# such beautiful ppl on here.. =D



## tinymuffin (Oct 8, 2005)

hey everyone, my name is anna & i came across this forum and absolutely fell in love with it. the tutorials are wonderfil here, and the fotd , everyone is so beautiful =). everything about this site is so helpful & its the best makeup site ive seen in a while, hehe . 

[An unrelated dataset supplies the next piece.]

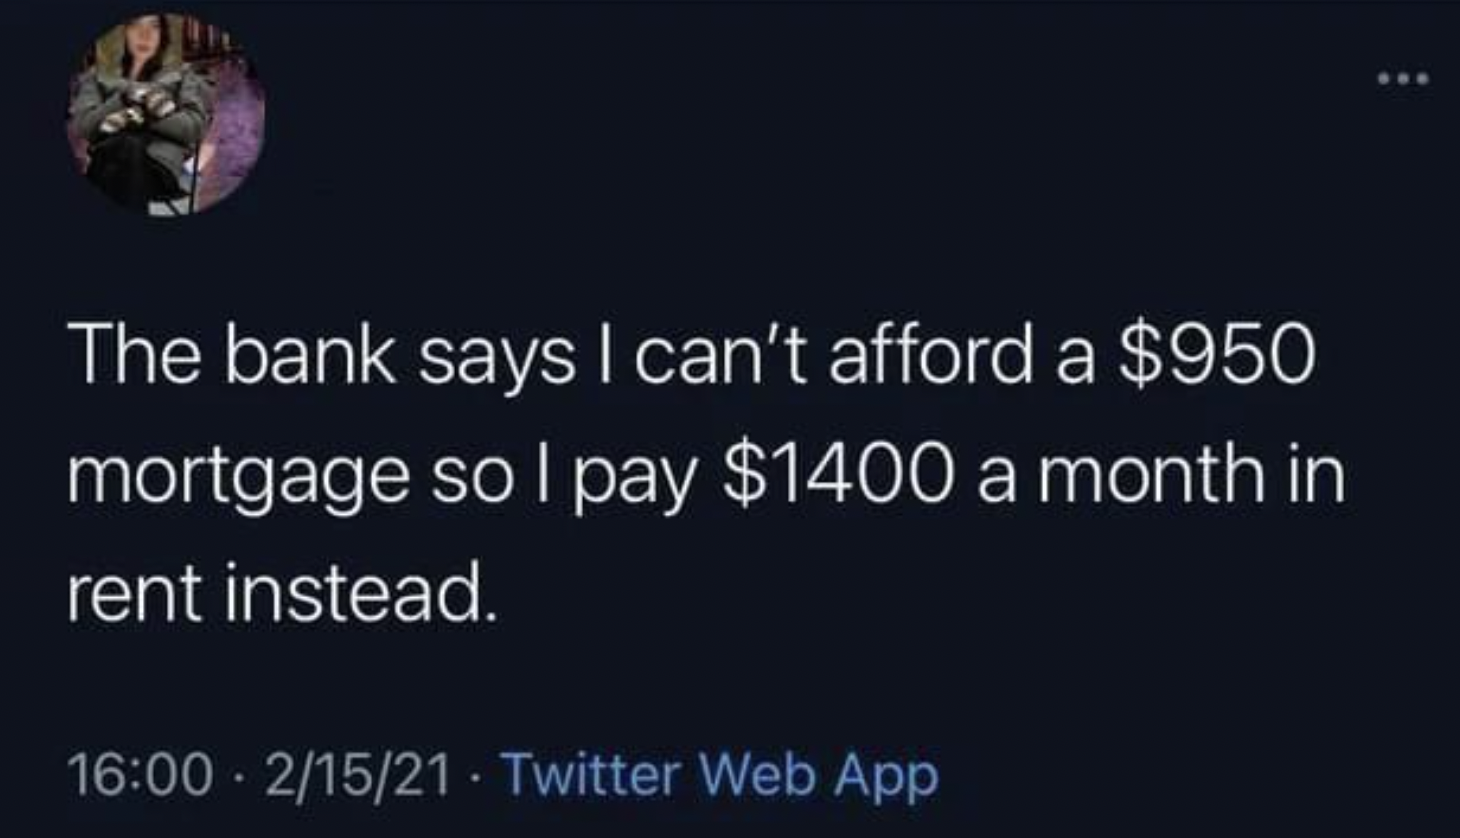 f around and find out bernie - The bank says I can't afford a $950 mortgage so I pay $1400 a month in rent instead.

well off to more browsing around & getting tips on how to do my makeup. im a noobie to the makeup world, hehe.


----------



## jess98765 (Oct 8, 2005)

well hello anna!! i'm glad your've found this marvelous site!! hope you enjoy browsing and hopefully one day we'll be able to see you on the FOTD!!


----------



## Janice (Oct 8, 2005)

Greetings & Welcome Anna! I'm glad you stopped by and liked the site. 
	

	
	
		
		

		
			





 I hope to see you around soon.


----------



## Juneplum (Oct 8, 2005)

welcome anna!


----------



## Hikaru-chan (Oct 8, 2005)

Welcome to Specktra.


----------



## pumpkincat210 (Oct 8, 2005)

Welcome!


----------



## vloky (Oct 12, 2005)

hi anna!  you're name reminded me of muffinfilms.com which I haven't visited in forever, but it is super cute!


----------



## user3 (Oct 13, 2005)

Welcome!!! I agree with you this a great site! Can't wait to see you around the boards!


----------



## user2 (Oct 13, 2005)

Hi Anna and welcome to Specktra!






I'm sure you'll have as much fun here as we have every day!


----------



## Shawna (Oct 14, 2005)

Welcome to Specktra Anna


----------



## DivineFacez (Oct 15, 2005)

I am new to spectra and I absolutly LOVE it! I would love some friends! I am currently in Make up school at Von Lee. Hope to work for MAC!!!


----------



## singinmys0ng (Oct 15, 2005)

hello and welcome to specktra! Hope you enjoy it here as much as we do :-D


----------



## midnightlouise (Oct 18, 2005)

hello and welcome to Specktra!


----------



## user4 (Oct 20, 2005)

hiiiiiiiiiii..... welcome!


----------



## caffn8me (Oct 20, 2005)

Welcome aboard Anna, I'm sure you'll fit right in here, it's a great site


----------